Since I didn't pay much attention in school I've never seen one of these ... (Thrown for a yield curve):
Many standard economics textbooks report that an inverted curve is a leading indicator of an imminent economic slowdown. The traditional reasoning goes something like this: when short-term rates are relatively high, demand for loans slackens, weakening the economy. And bond traders, collectively seeing so many signs of an impending economic slowdown, have already driven down longer-term rates in anticipation of an eventual loosening of short-term credit.
The statistical support for this indicator looks impressive. Arturo Estrella, an economist at the Federal Reserve Bank of New York, contends that an inverted yield curve "has predicted essentially every U.S. recession since 1950 with only one 'false' signal."

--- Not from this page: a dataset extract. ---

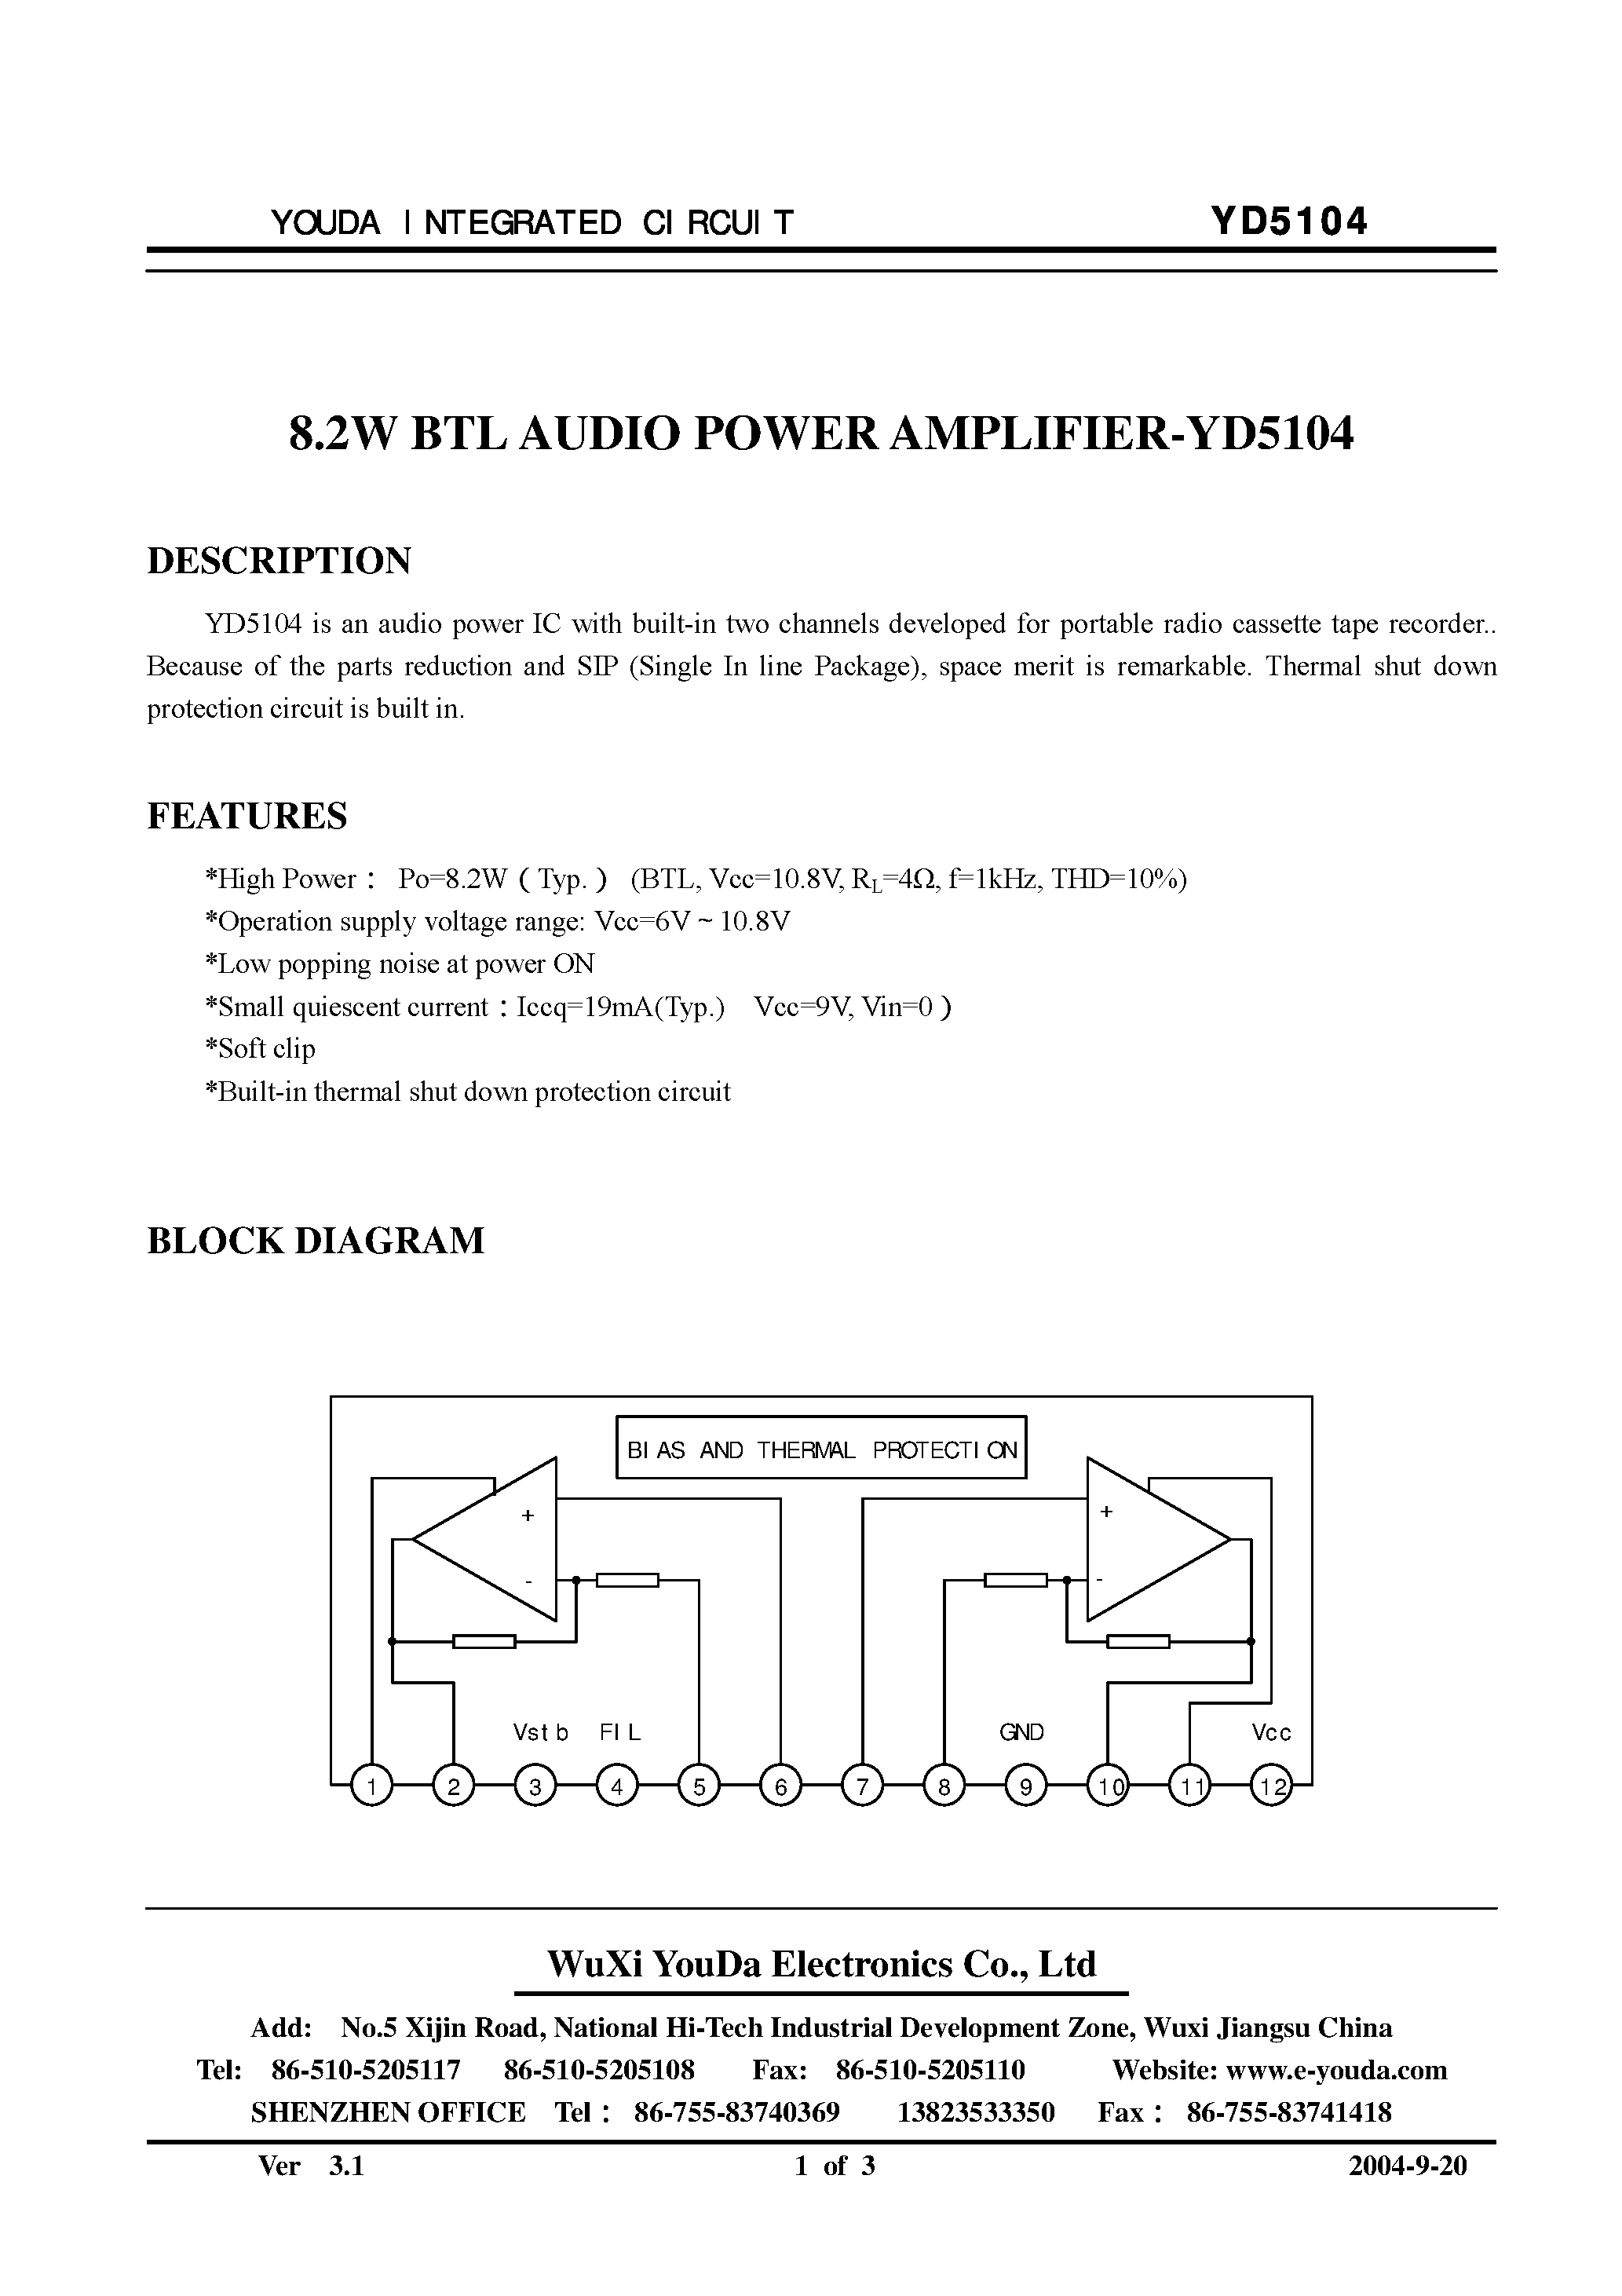 Даташит YD5104 - 8.2W BTL Audio Power Amplifier страница 1

At first blush, there is no evidence that the indicator is losing its touch. It worked like a charm, for example, in forecasting the economy's most recent recession. According to the National Bureau of Economic Research, the widely recognized arbiter of when recessions begin and end, that recession began in March 2001. The yield curve went negative the previous summer.
Mr. Estrella and Frederic S. Mishkin, a professor of banking and financial institutions at Columbia University, have built an econometric model that relates various levels of the yield curve with the probability of a recession within 12 months. With the rate on 10-year Treasury notes now just about half a percentage point higher than that for three-month Treasury bills, for example, the researchers' model calculates a 10 to 15 percent probability of a recession within the next year. That probability would grow to about 25 percent if the difference in rates disappeared, and would grow even further if the curve inverted, meaning that the short-term rate was higher than the longer-term one.
The difference between the 2-year and 10-year notes is about zero, so we have about a 1 in 4 chance of a recession within 12 months. I'll begin hoarding money (M1) and/or gasoline on January 1.